## ASSIGNMENT
Copy the lines below word for word, skipping any image.

## DATA PROVIDED
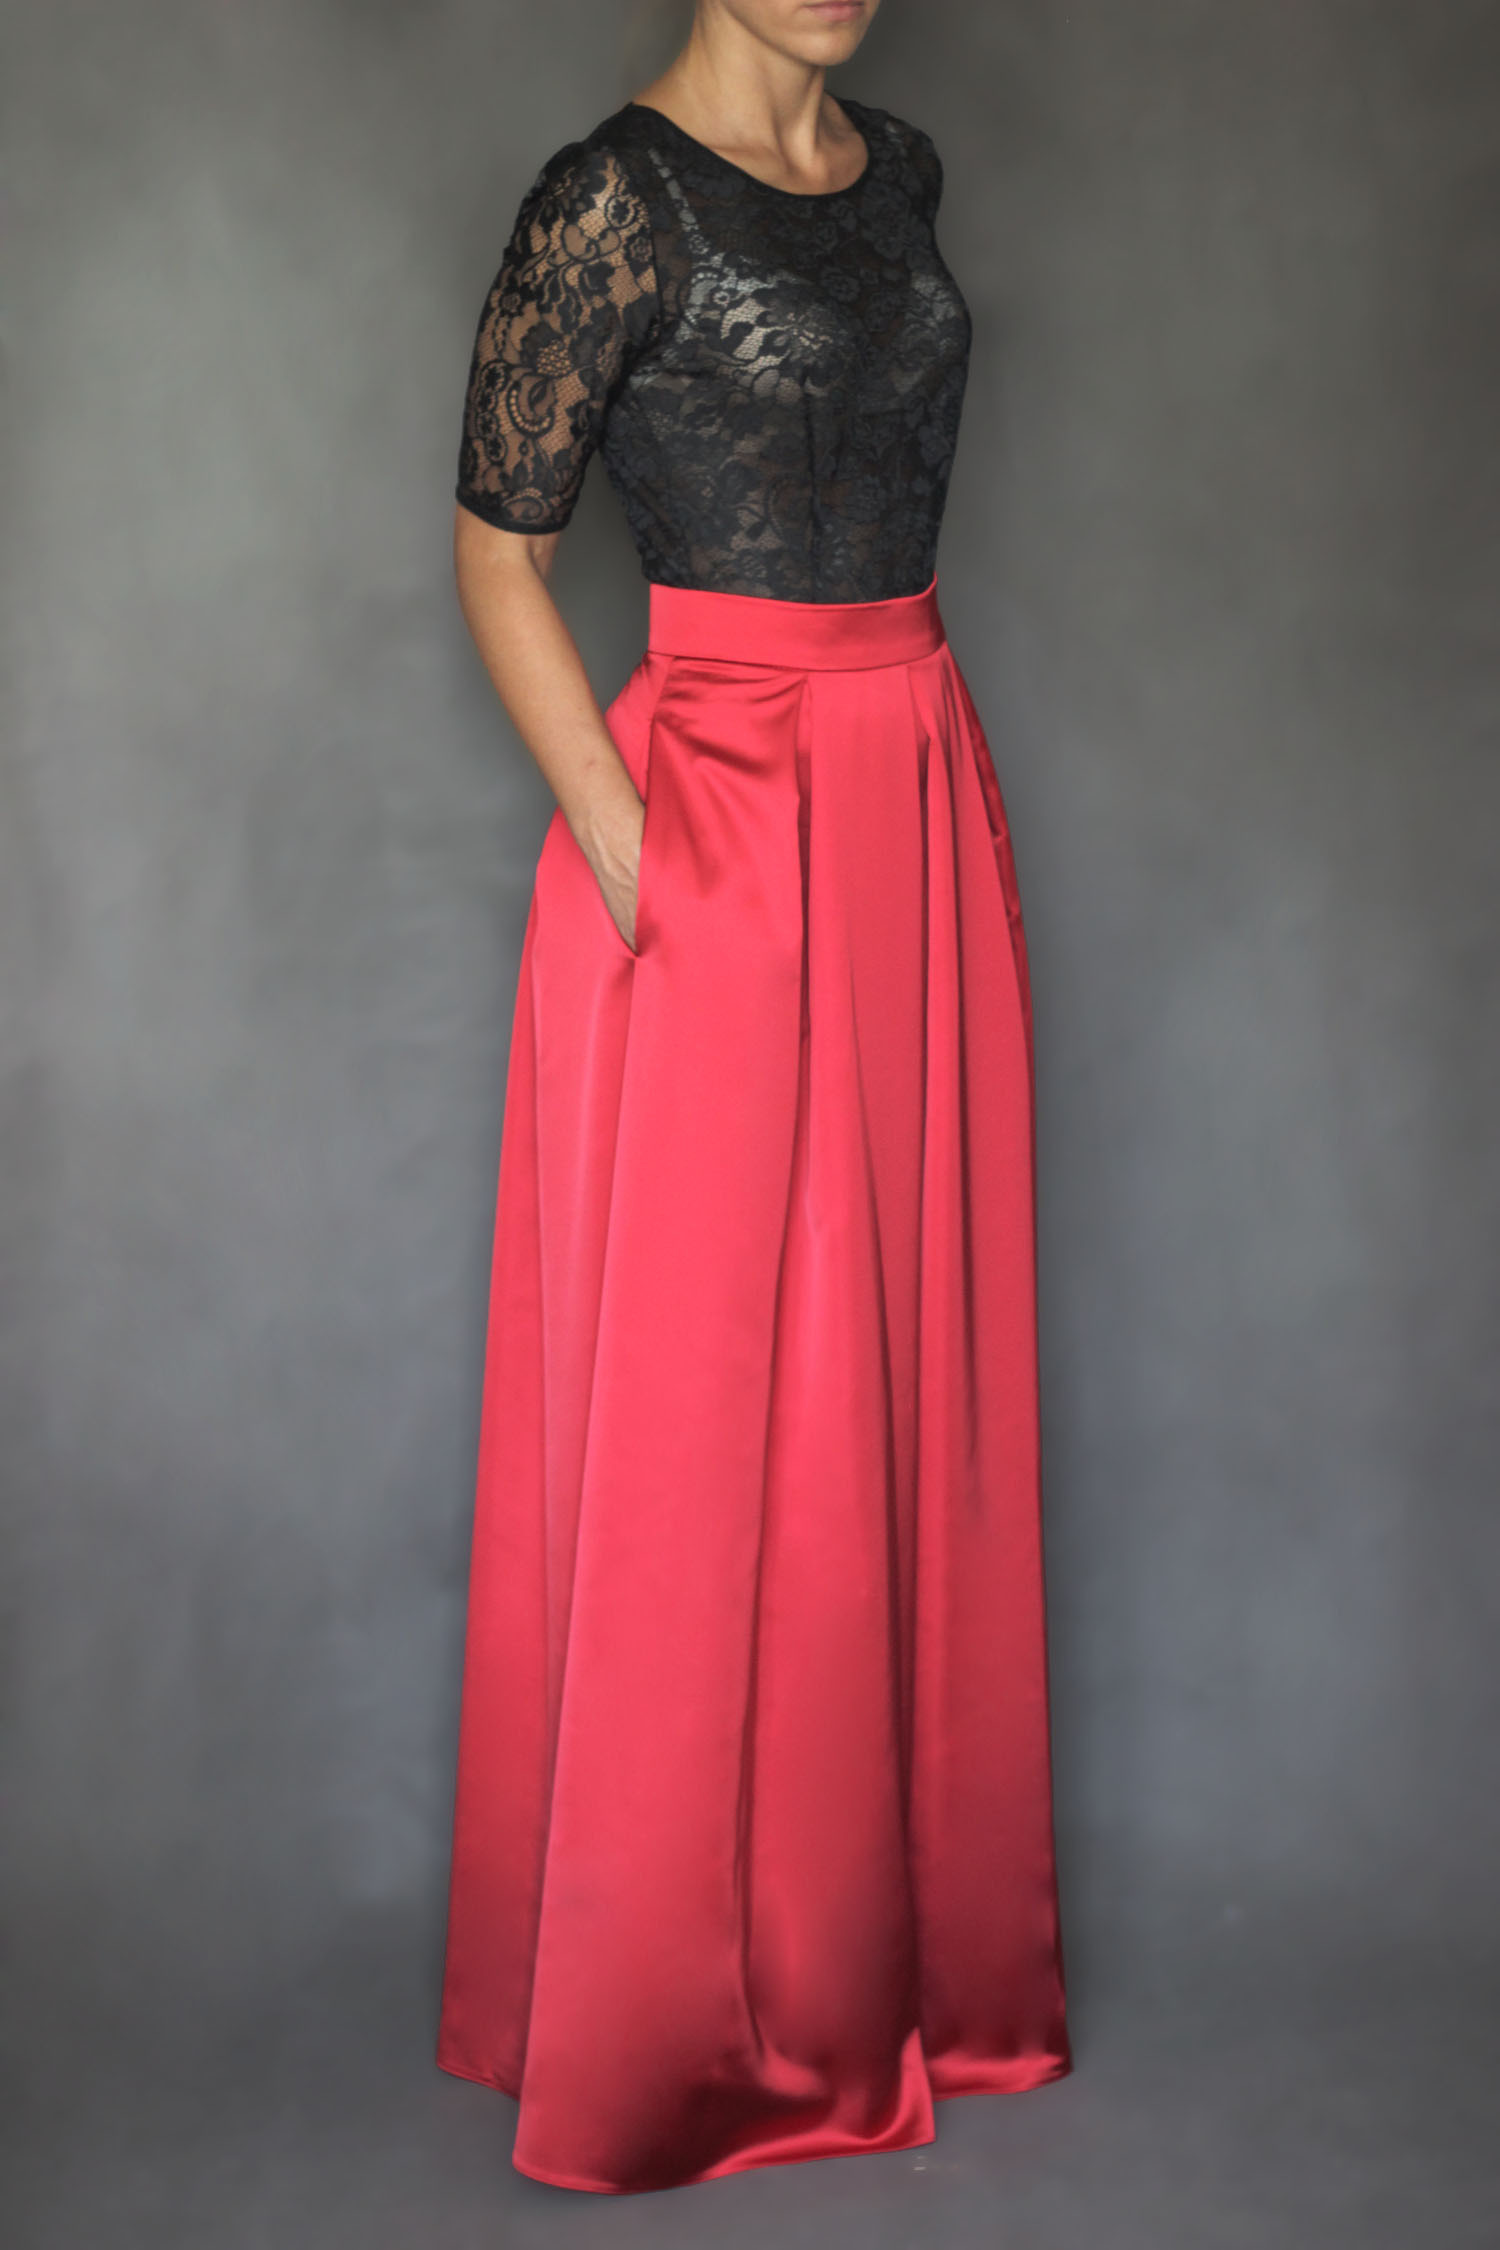 Společenská skládaná sukně s kapsami různé barvy   Zboží prodejce ... 8be270dc0f
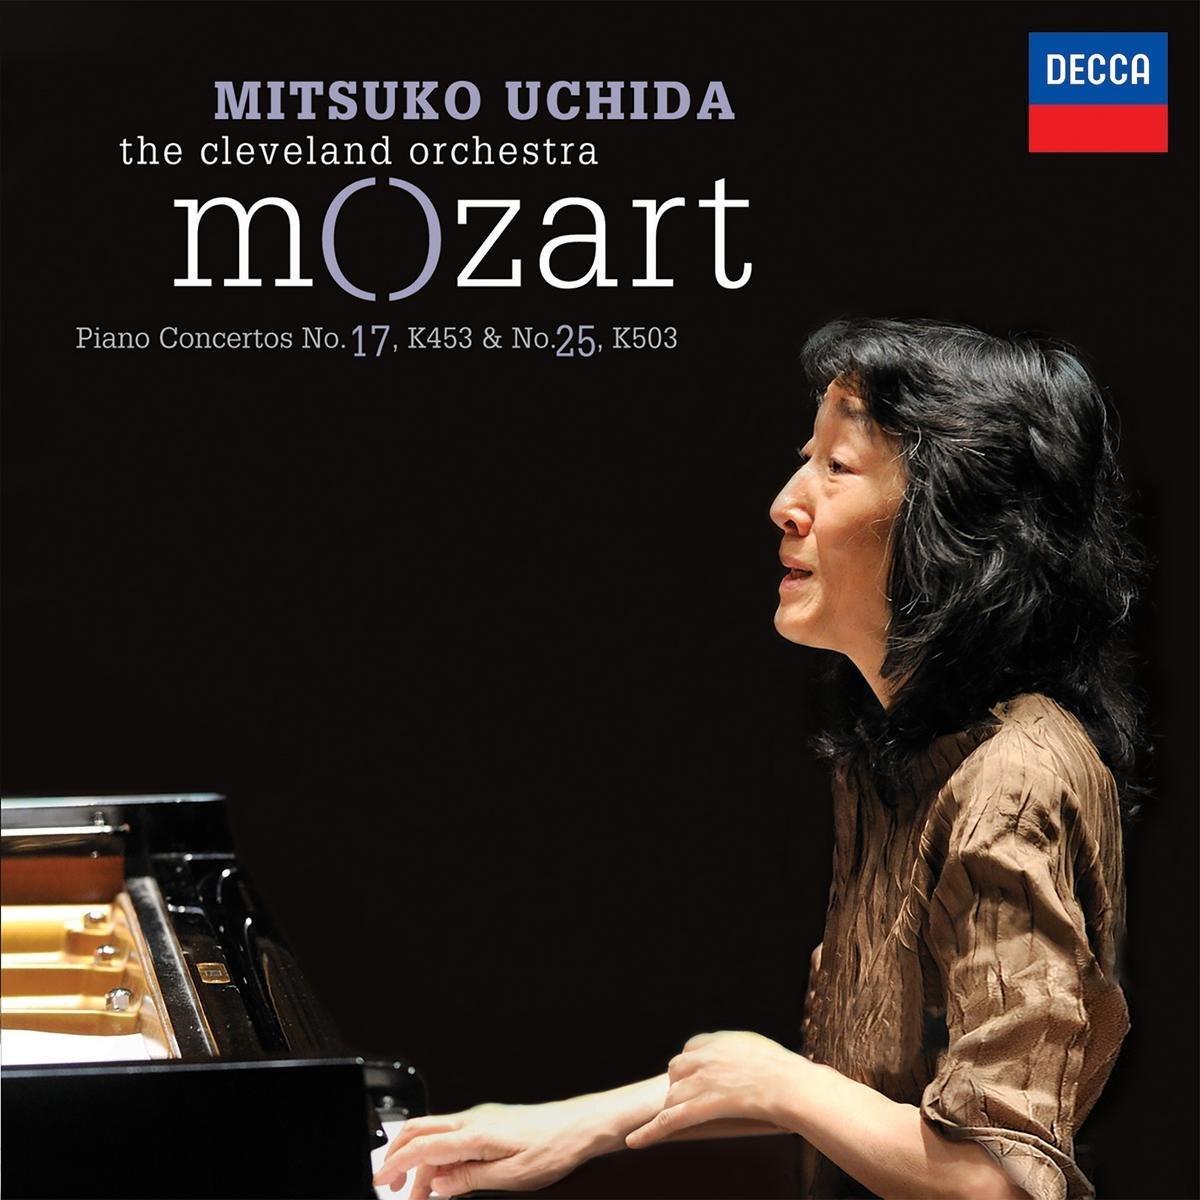 Mitsuko Uchida Mozart Piano Concertos
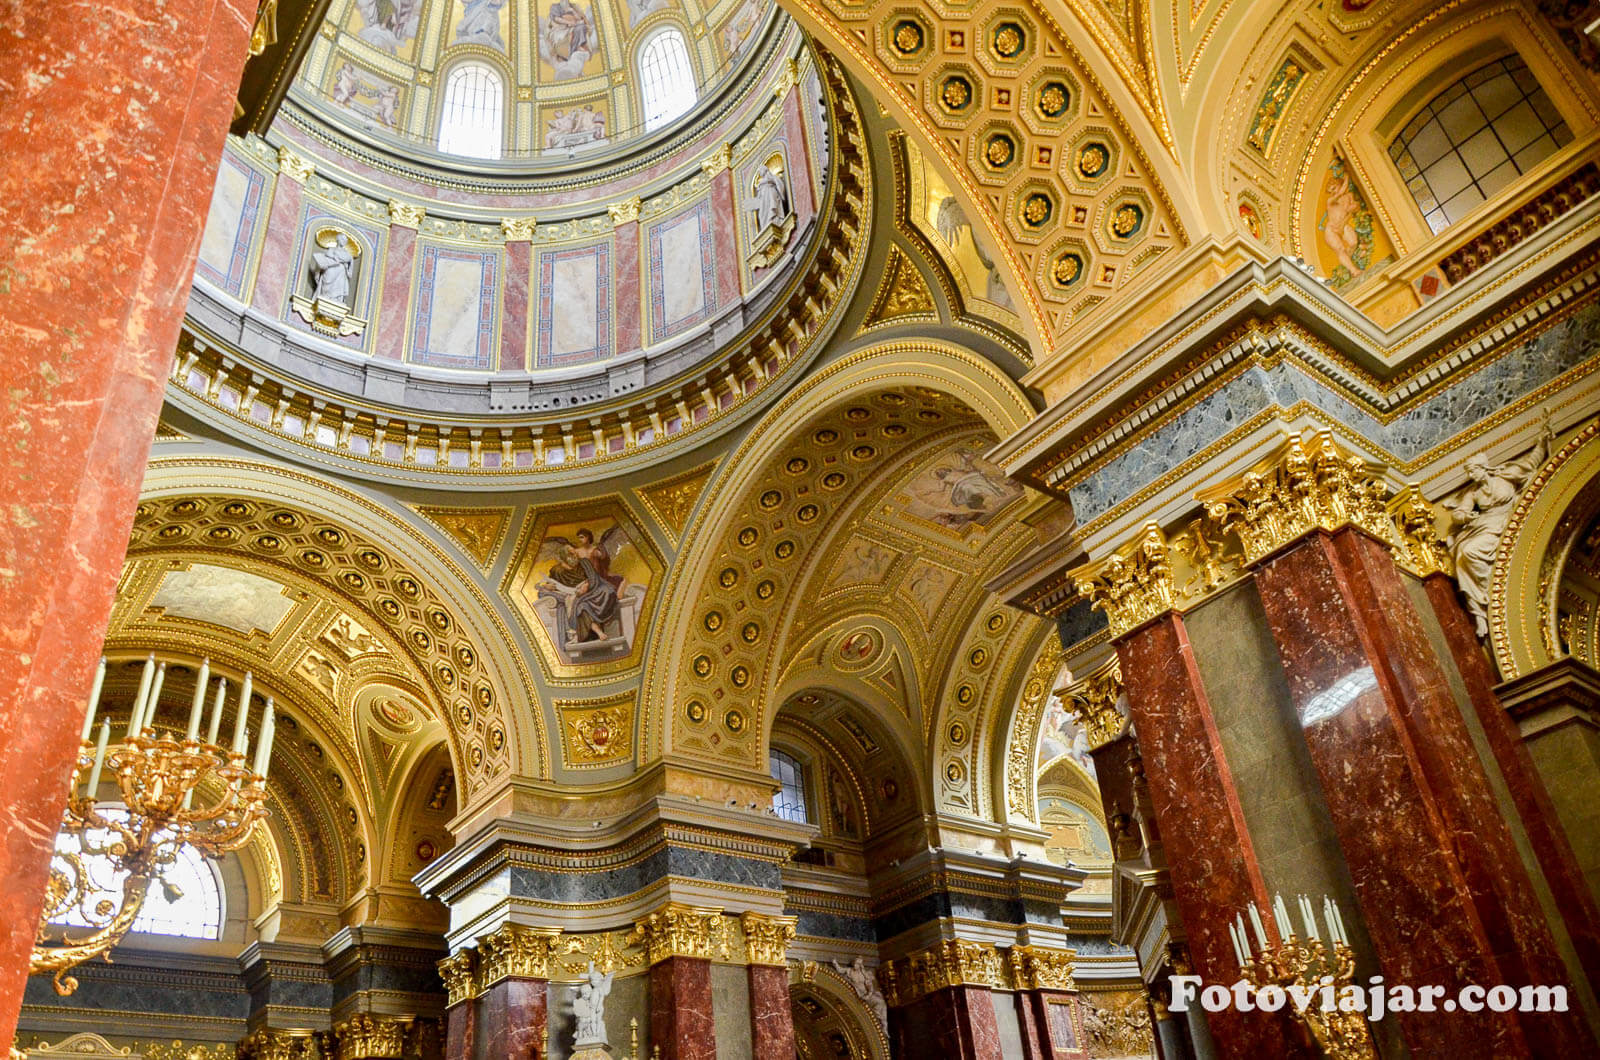 visitar budapeste basilica sao estevao
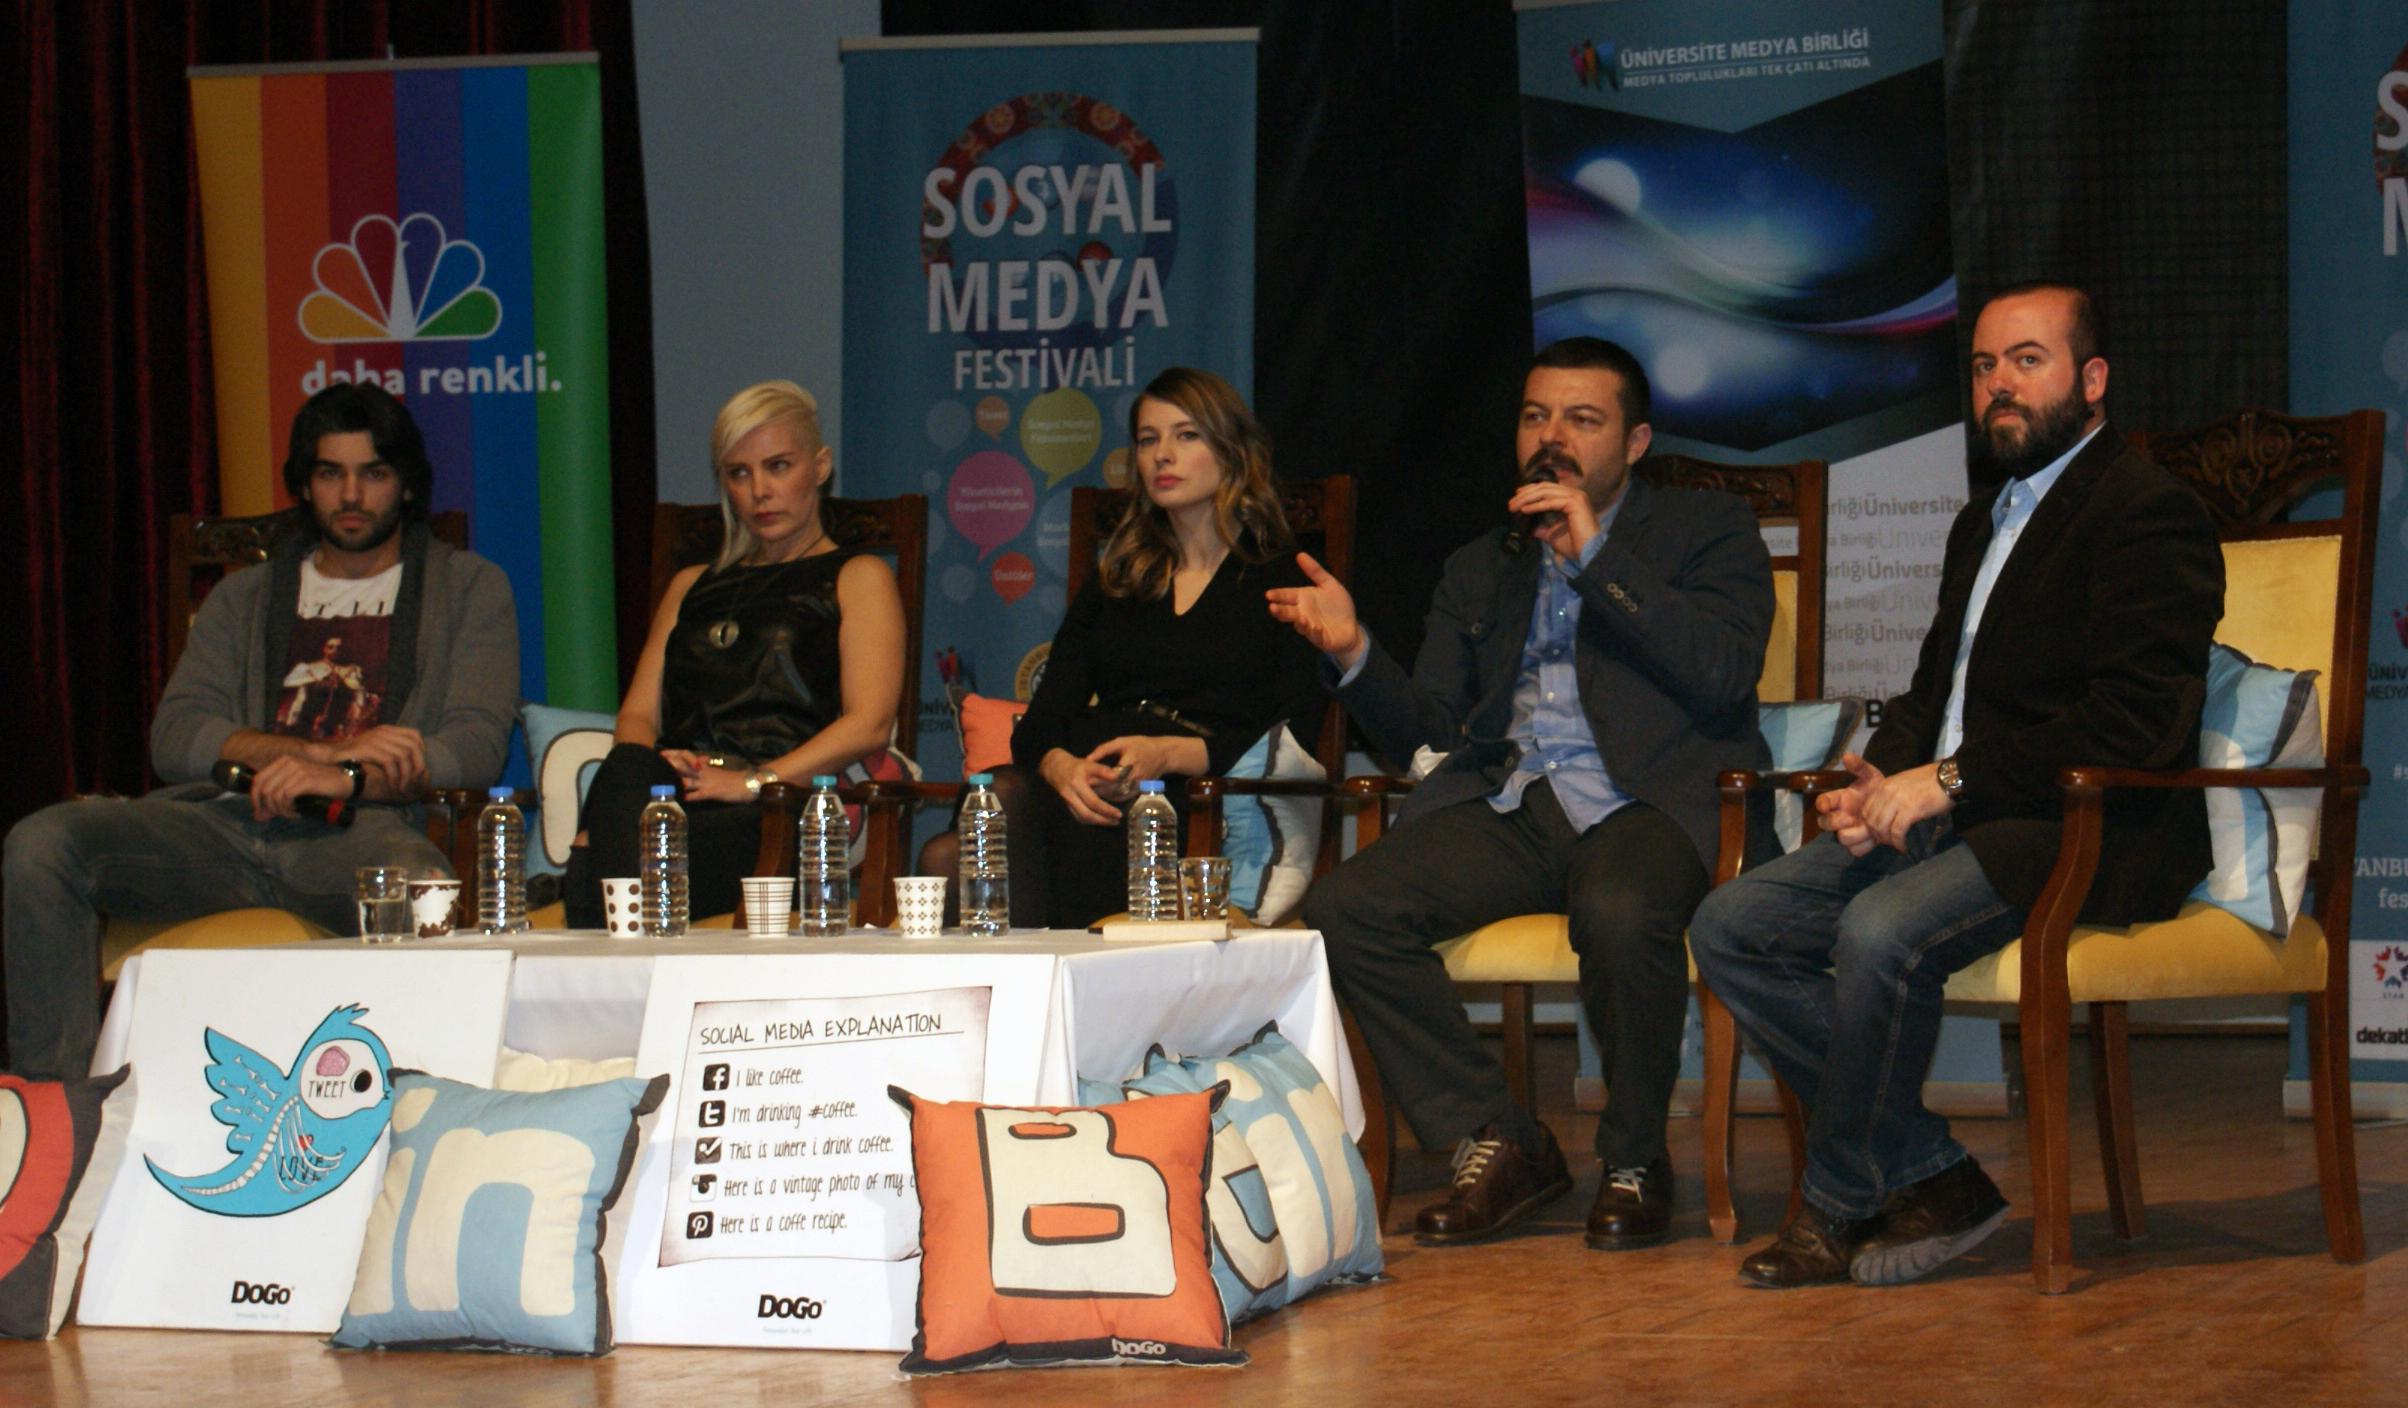 Sosyal Medya Festivali

## EXPECTED OUTPUT
 Společenská skládaná sukně s kapsami různé barvy   Zboží prodejce ... 8be270dc0f
 Mitsuko Uchida Mozart Piano Concertos
 visitar budapeste basilica sao estevao
 Sosyal Medya Festivali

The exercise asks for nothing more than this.